17β-oestradiol acts as a negative modulator of insulin-induced lactotroph cell proliferation through oestrogen receptor α, via nitric oxide/guanylyl cyclase/cGMP.

S Gutiérrez1, J P Petiti, L d V Sosa, L Fozzatti, A L De Paul, A M Masini-Repiso, A I Torres.   

Abstract

OBJECTIVES: 17β-oestradiol interacts with growth factors to modulate lactotroph cell population. However, contribution of isoforms of the oestrogen receptor in these activities is not fully understood. In the present study, we have established participation of α and β oestrogen receptors in effects of 17β-oestradiol on lactotroph proliferation induced by insulin and shown involvement of the NO/sGC/cGMP pathway.
MATERIALS AND METHODS: Cell cultures were prepared from anterior pituitaries of female rats to evaluate lactotroph cell proliferation using bromodeoxyuridine (BrdUrd) detection, protein expression by western blotting and cGMP by enzyme immunoassay.
RESULTS: In serum-free conditions, 17β-oestradiol and α and β oestrogen receptor agonists (PPT and DPN) failed to increase numbers of lactotroph cells undergoing mitosis. Co-incubation of 17β-oestradiol/insulin and PPT/insulin significantly decreased lactotroph mitogenic activity promoted by insulin alone. Both ICI 182780 and NOS inhibitors (L-NMMA and L-NAME) induced reversal of the anti-proliferative effect promoted by 17β-oestradiol/insulin and PPT/insulin.
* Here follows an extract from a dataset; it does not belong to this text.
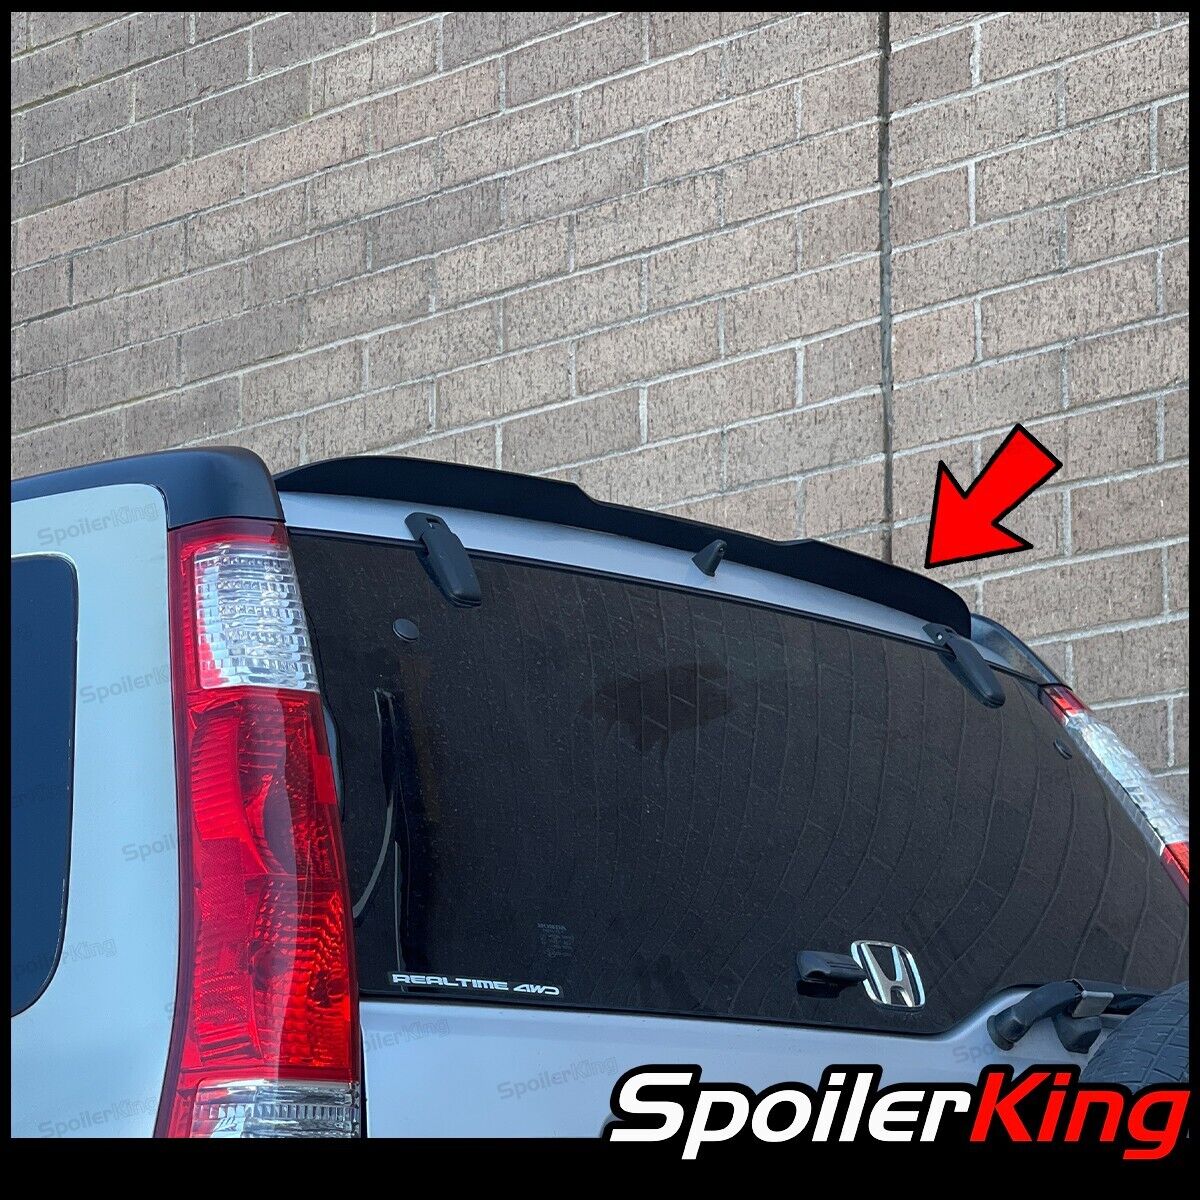 SpoilerKing Add-on Rear Roof Spoiler (Fits: Honda CRV 2002-2006) 284GC
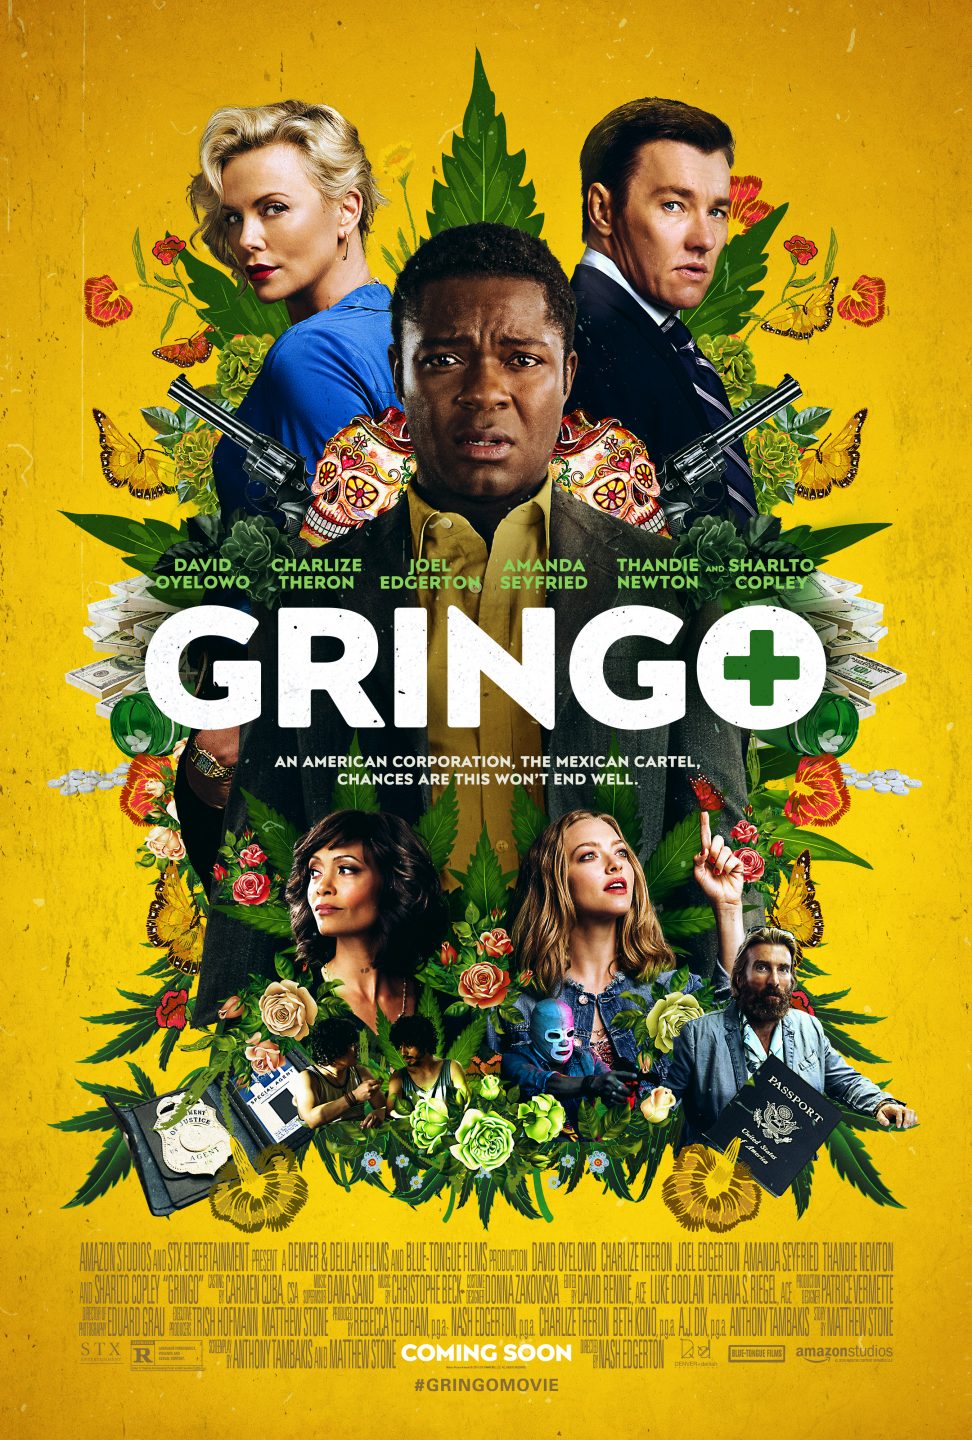 Gringo poster (Amazon Studios/STX Entertainment)

Moreover, 17β-oestradiol, PPT and insulin increased sGC α1 protein expression and inhibited β1, whereas co-incubation of 17β-oestradiol/insulin or PPT/insulin induced increases of the two isoforms α1 and β1. 17β-oestradiol and insulin reduced cGMP production, while 17β-oestradiol/insulin co-incubation increased this cyclic nucleotide.
CONCLUSIONS: Our results suggest that 17β-oestradiol is capable of arresting lactotroph proliferation induced by insulin through ER α with participation of the signalling NO/sGC/cGMP pathway.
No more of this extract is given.